Crostini alla Chiantigiana Tuscany, Umbria
Preparation - Medium
Prep: 10 min, Cook 60 min
Probably the most popular spread for crostini. Served everywhere in Tuscany with slight variations.
Our ciabatta bread works well for bruschetta or crostini.
1/2 celery stalk, finely chopped
1 small carrot, finely chopped
1 small onion, finely chopped
1/2 lb chicken livers, cleaned, in small pieces
4 T olive oil
2 T butter
1/2 T tomato paste dissolved in 4 T warm water
3 T dry white wine, or marsala wine
1 T capers, rinsed off
1 garlic clove, peeled and finely chopped
2 anchovy fillets, chopped
Salt and freshly ground pepper to taste
bread, either firm white slice bread, or a baguette (long French bread) sliced into rounds
CLEAN chicken livers and cut into small pieces.
SAUTÉ the celery, carrot and onion in the oil and half the butter over medium heat stirring frequently until onion is transparent, about 8 to 10 minutes.
ADD the livers and continue cooking till liver turns color.

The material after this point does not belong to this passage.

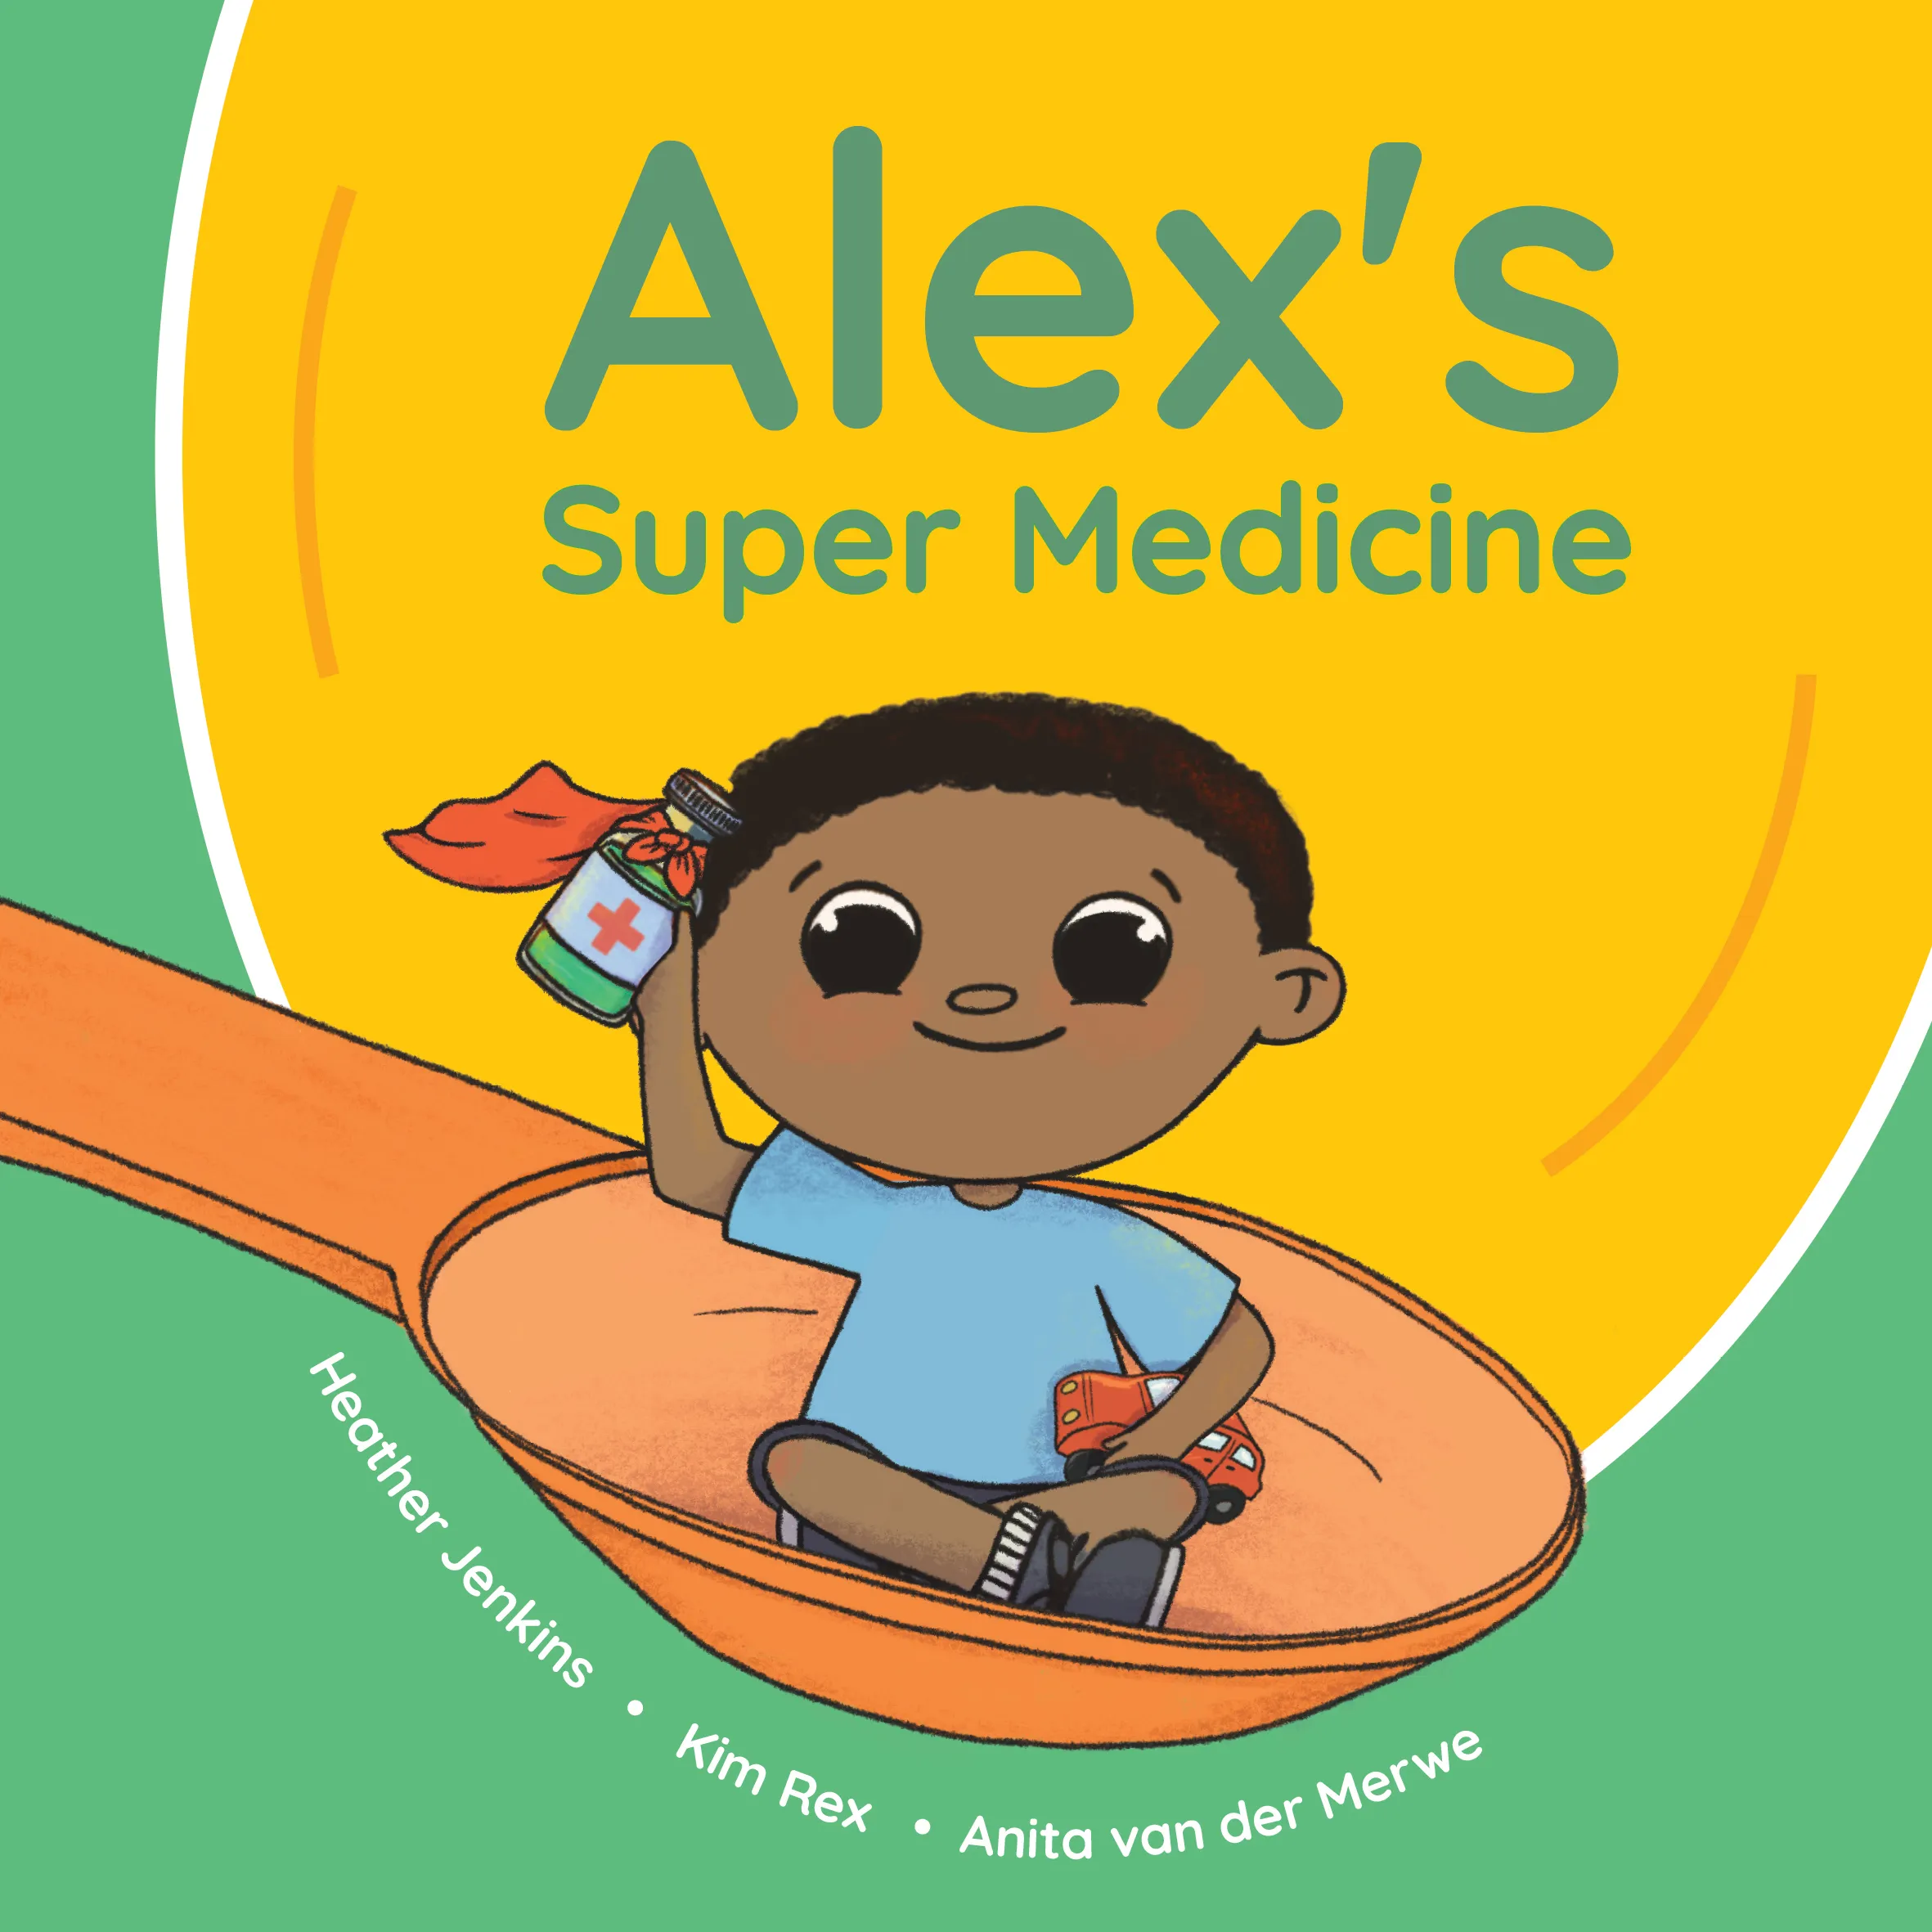 Alex's Super Medicine

ADD the wine and cook over high heat till evaporated.
ADD dissolved tomato paste, cover, cook on low heat for 15 minutes.

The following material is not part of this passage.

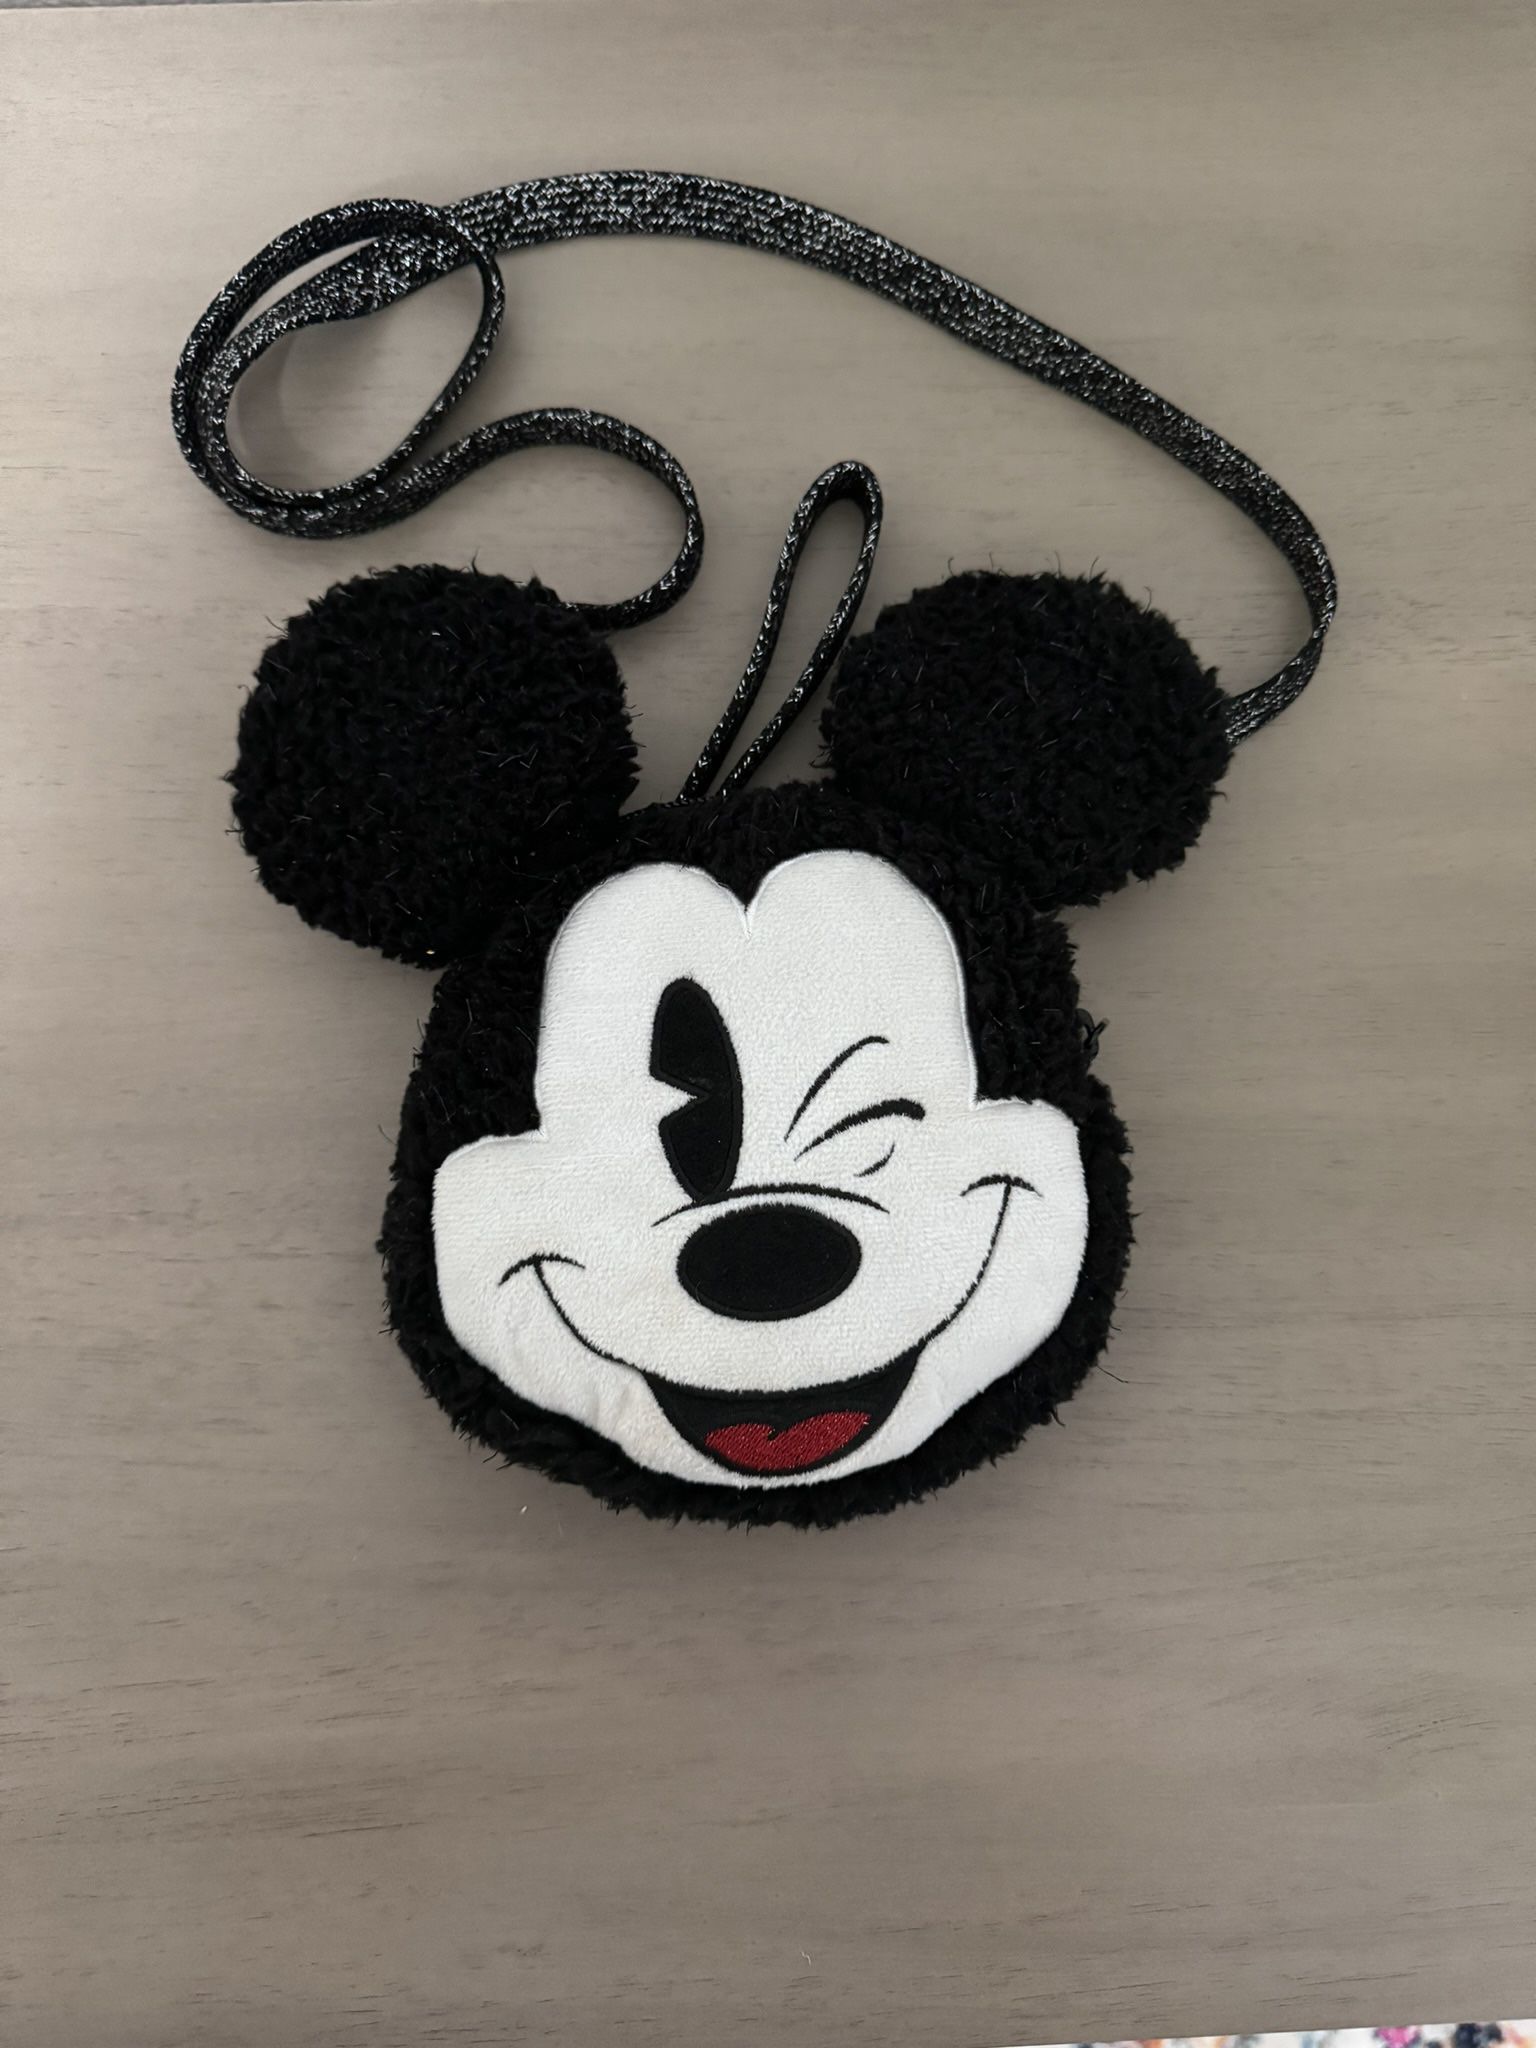 Mickey Mouse Crossbody Bag

REMOVE from heat and let cool, mix in pepper, minced garlic, rest of butter, capers, chopped anchovy.
CHOP or PLACE all ingredients in a food processor and pulse 2 or 3 times, check for seasoning, adding salt and pepper to taste, return to pan for additional 2 - 3 minutes to reduce the pate to the consistency you wish.
CAN be prepared ahead of time and refrigerated up to a day or two
SERVE warm or cool on toasted rounds of French or Italian bread.